Reputation: 8903
I am trying to understand the concept of running multiple reducers in MR job and came to know that it is partitioner which decides which (key,value) pairs goes to which reducer.
Can we run multiple reducers without running partitioner? Would that be a valid scenario?
Upvotes: 0
Views: 132
Reputation: 5538
Think partitioner as the entity which decides on which reducer(bucket) is going to process a particular key-value (element) output of a mapper.
The default partitioner uses a hash function of key to divide the elements across reducer. An analogy is how core java map collection uses hash function to decided bucket (reducer) for the element (key-value).
In this process, it guarantee that the same key is sent to a single reducer (which process the all the values of the key). So, if mapper emits m
unique key (each key can have any count) and there are n
reducer, partitioner tries to distribute keys such that each reducer gets m/n
unique keys along with a list of values associated with the key.

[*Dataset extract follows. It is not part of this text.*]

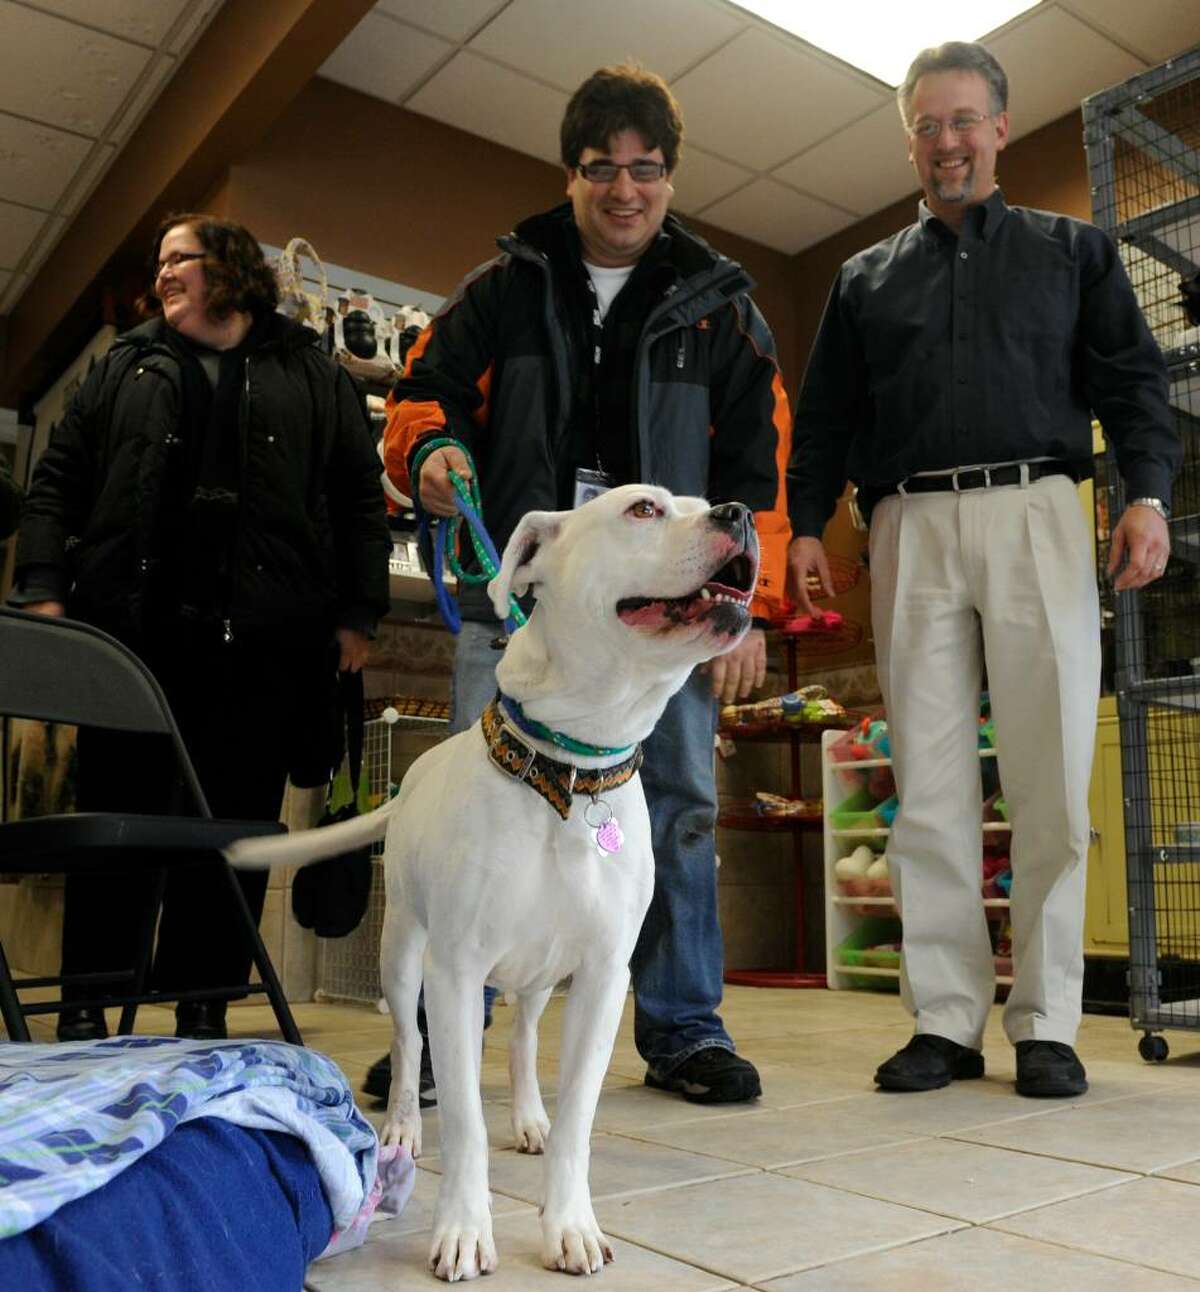 Luna, the American Bulldog Mix that has been missing from the Shaker Veterinary Hospital since Jan. 2, was found in good health today. Here, she greets reporters during a visit with her owners, Shelley and Ralph Rataul. (Skip Dickstein/ Times Union)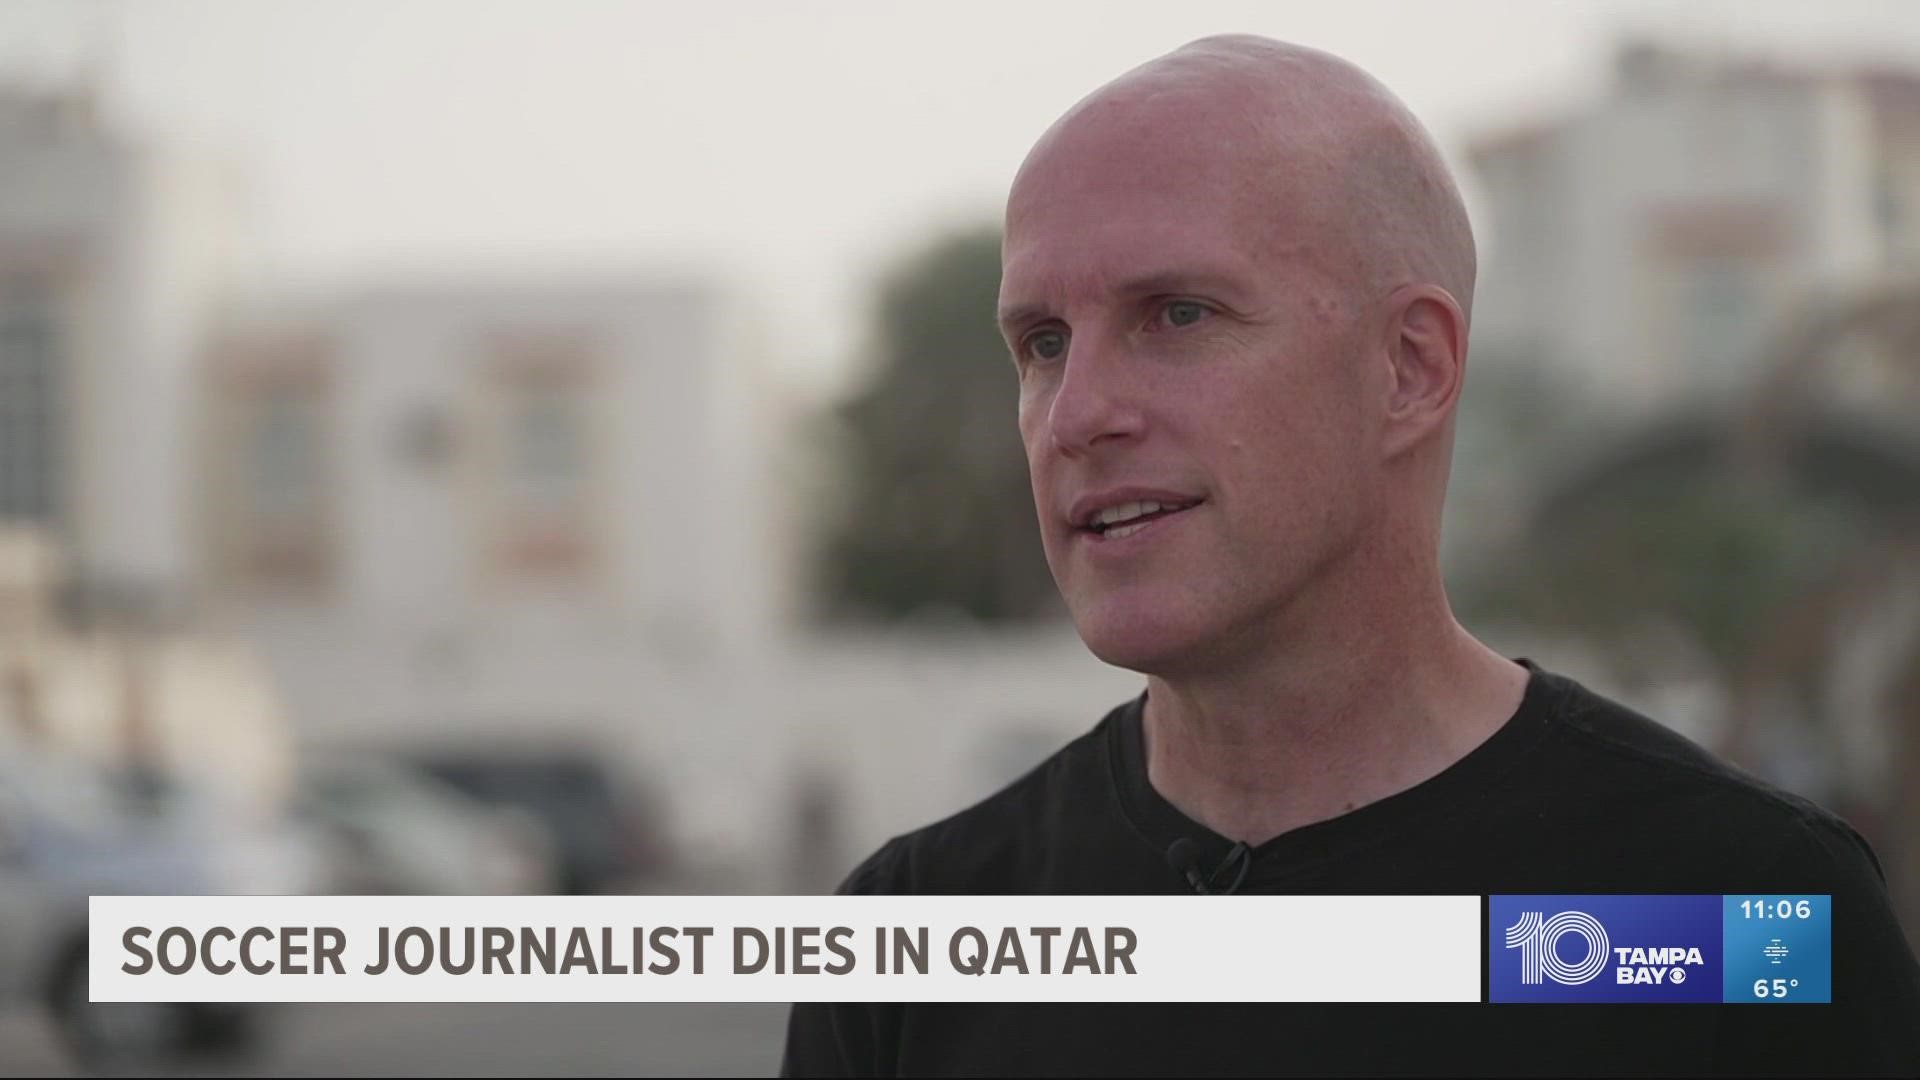 According to the Associated Press, well-known soccer writer Grant Wahl has died while covering the World Cup in Qatar

Note that, it is possible to set the number of reducer in the program. It means you are saying the partitioner to restrict number of buckets available to distribute the keys.
Upvotes: 2
Reputation: 5521
If you don't specify a partitioner, the default HashPartitioner
runs. It simply hashes based on the key:
public int getPartition(K2 key, V2 value, int numReduceTasks) {
return (key.hashCode() & Integer.MAX_VALUE) % numReduceTasks;
}
Upvotes: 2